The definition of open access always has been, and always will be this:

By “open access” to this literature, we mean its free availability on the public internet, permitting any users to read, download, copy, distribute, print, search, or link to the full texts of these articles, crawl them for indexing, pass them as data to software, or use them for any other lawful purpose, without financial, legal, or technical barriers other than those inseparable from gaining access to the internet itself. The only constraint on reproduction and distribution, and the only role for copyright in this domain, should be to give authors control over the integrity of their work and the right to be properly acknowledged and cited. (BOAI)

If you’re going to allow the CC-BY-NC-ND licence then by definition you can’t call it an open access journal. Either don’t allow that restrictive non-open licence, or call this new journal a ‘free-to-read’ journal or a ‘public access’ journal. These are the established terms for cost-free but not open journal content that the research community uses. Speak our language for a change instead of deliberately opaque legalese.


  • Take feedback on the design of your new journal from the WORLD not just the research community

Approximately 80% of the world’s academic research is taxpayer or charitably funded. The world is therefore your customer, not just researchers. Ask the world what they want from your new journal.


Take inspiration from the Panton Principles: “Science is based on building on, reusing and openly criticising the published body of scientific knowledge” – help researchers do the best science possible by not allowing them any excuses to not share non-sensitive data with their colleagues. The ’email the author’ system has been widely proven not to work, in my own experience too.


  • Make peer reviews open for all to see, post-publication alongside the paper

At the time of review, you can do single or double blind, but after the manuscript is accepted and published, please publish the reviews alongside the accepted paper. The research community can then see for themselves how good peer review is at your new journal. Allow people to sign their reviews if they wish to (and personally I think this is best in most circumstances).

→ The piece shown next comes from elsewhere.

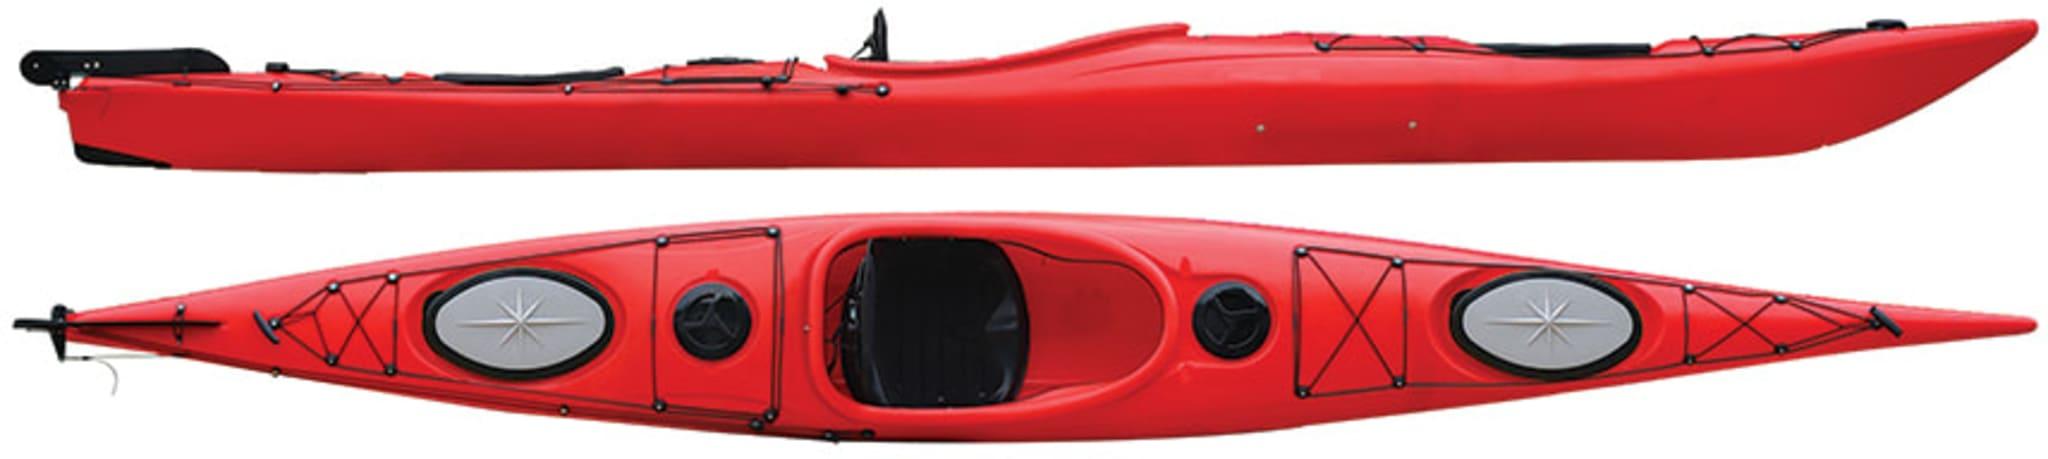 Suveren plastbåt for de som ønsker en slitesterk og stabil båt, komplett med åre!

  • Encourage data citation

Do I really need to explain this one? Old school academic editors have apparently been striking these out at some journals. Please make all editors aware that this is both a good thing and is encouraged.


  • Encourage authors to provide their ORCIDs upon submission, (and ORCIDs for reviewers and editors too please)

This will help people disambiguate who’s who’s which is important when there are at least 7 million active researchers.


  • Charge a reasonable APC ($1350 or less), and be generous with fee waivers and discounts for those that cannot afford them

Anything more than $1350 per article for a new journal in 2015 is daylight robbery. For the first year of publication you should waive charges for everyone, as everyone else does.


  • Provide open, full text XML

Great for text-mining. We don’t need your API. Just give us the content.


There you go Elsevier – that’s my feedback. If you can do ALL of the above or better, I might even publish with you myself. I have stated what I think you should do; it’s up to you now to implement it. I anticipate the launch of your glorious new journal. When your new journal comes out I shall revisit this post & score your new journal against it.


I encourage all other researchers & the scholarly poor who feel similarly, to also make their feelings known to Elsevier, and to add points I have perhaps overlooked. I’d say good luck Elsevier, but you don’t need luck with your fat profit margins – it’s simple to openly publish a good peer-reviewed research journal – just get on and do it already.




Ross Mounce, PhD





Dark Research: behind the preprint

January 5th, 2015 | Posted by rmounce in Phylogenetics | PLoS | Publications - (0 Comments)

This post is about my new preprint I’ve uploaded to PeerJ PrePrints:

Mounce, R. (2015) Dark Research: information content in some paywalled research papers is not easily discoverable online. PeerJ PrePrints

Needless to say, it’s not peer-reviewed yet but you can change that by commenting on it at the excellent PeerJ PrePrints website. All feedback is welcome.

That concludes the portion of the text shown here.